About a year ago - my ex walked out abruptly on me and on my son.....and last Easter and last Mother's Day I have memories of me crying in church and thinking I would never get over it. I spoke to my mother about it and she said "Don't worry about it, the firsts are always the hardest - next year it will be better." 

Guess what - it has been a year and she was right.....funny now my ex is going through a hard time....tough turds....I hope it gives you hell.....

Karma is a *****......


----------



## tom67 (Oct 2, 2012)

bigtone128 said:


> About a year ago - my ex walked out abruptly on me and on my son.....and last Easter and last Mother's Day I have memories of me crying in church and thinking I would never get over it. I spoke to my mother about it and she said "Don't worry about it, the firsts are always the hardest - next year it will be better."
> 
> Guess what - it has been a year and she was right.....funny now my ex is going through a hard time....tough turds....I hope it gives you hell.....
> 
> Karma is a *****......


:iagree::iagree:Just wait after another year.:smthumbup:


----------



## MovingAhead (Dec 27, 2012)

Last year when I was going through my hell. Mothers day hit... I had my kids so something special for her and I did it but it is past.

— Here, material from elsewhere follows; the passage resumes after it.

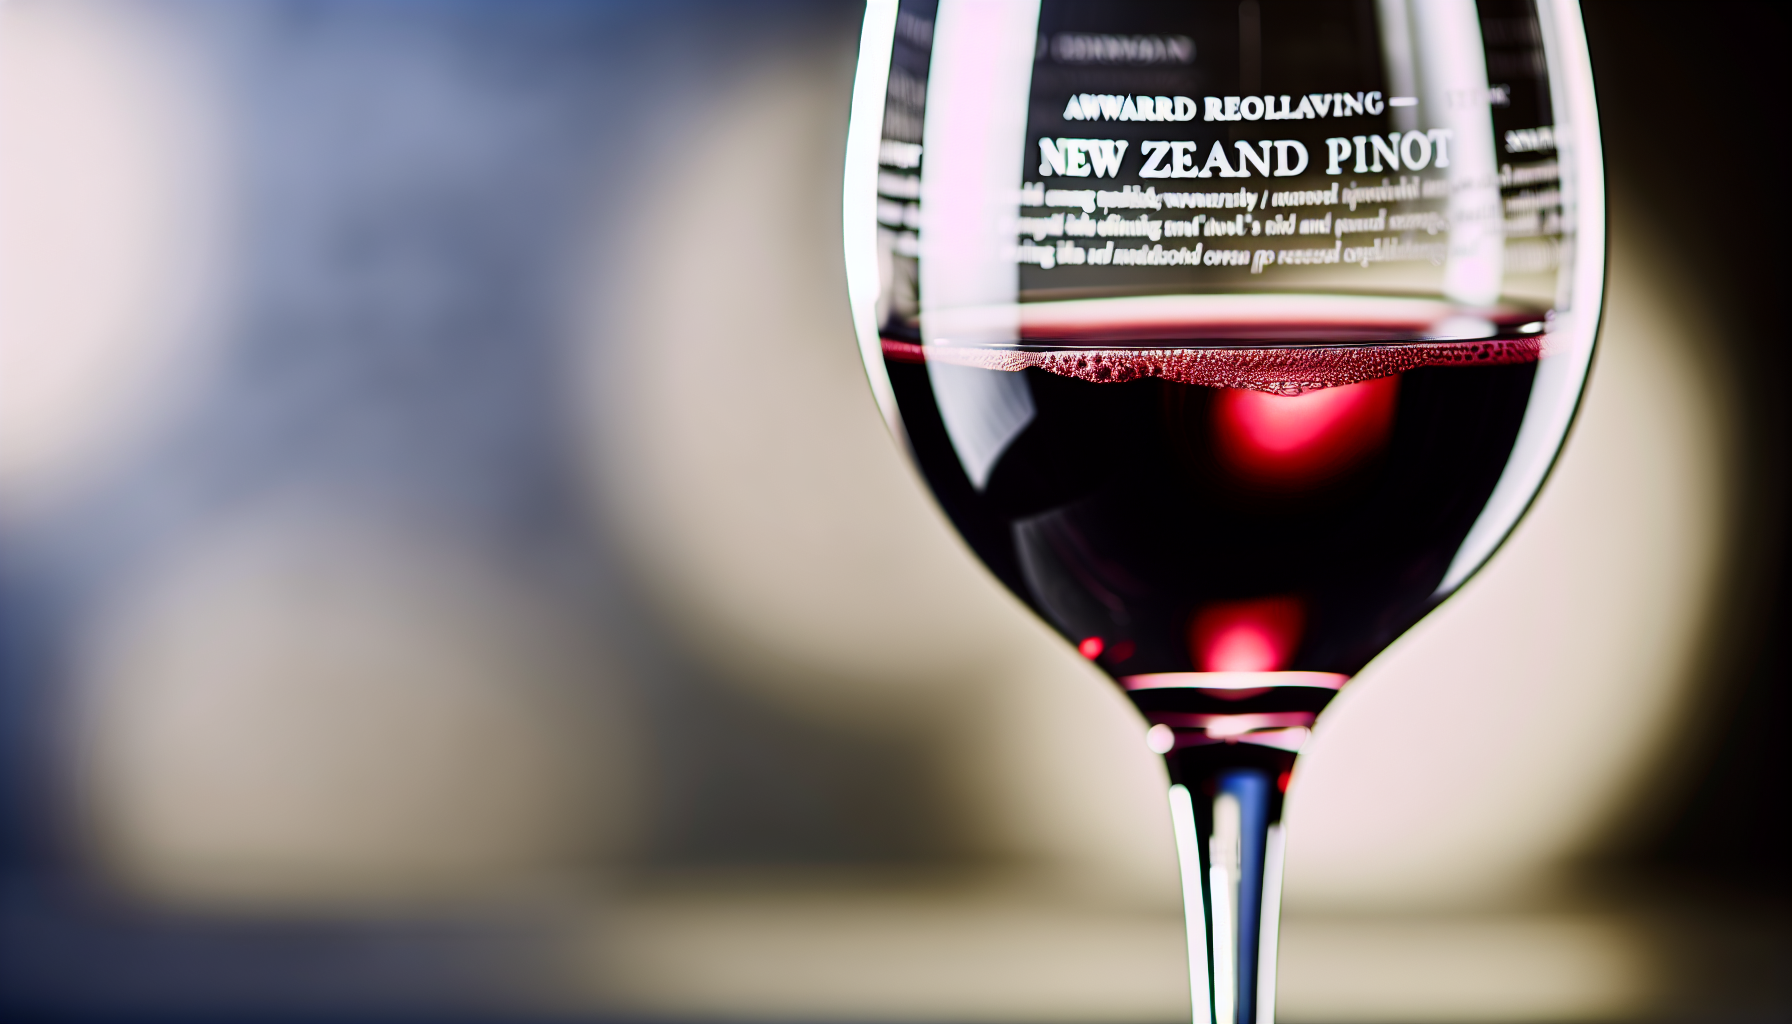 Close-up of a glass of award-winning NZ Pinot Noir

This year my oldest would not see her or speak to her on mothers day. It gets easier and easier. 

My kids told me she was outside asking her boyfriend on the phone why her kids hate her and why they always want to come over my house. Answer is simple... She doesn't get it... not my problem!


----------



## thatbpguy (Dec 24, 2012)

MovingAhead said:


> Last year when I was going through my hell. Mothers day hit... I had my kids so something special for her and I did it but it is past.
> 
> This year my oldest would not see her or speak to her on mothers day. It gets easier and easier.
> 
> My kids told me she was outside asking her boyfriend on the phone why her kids hate her and why they always want to come over my house. Answer is simple... She doesn't get it... not my problem!


It is interesting how betrayers often never believe in the damage they cause. It's the difference between those who commit crimes and their victims.


----------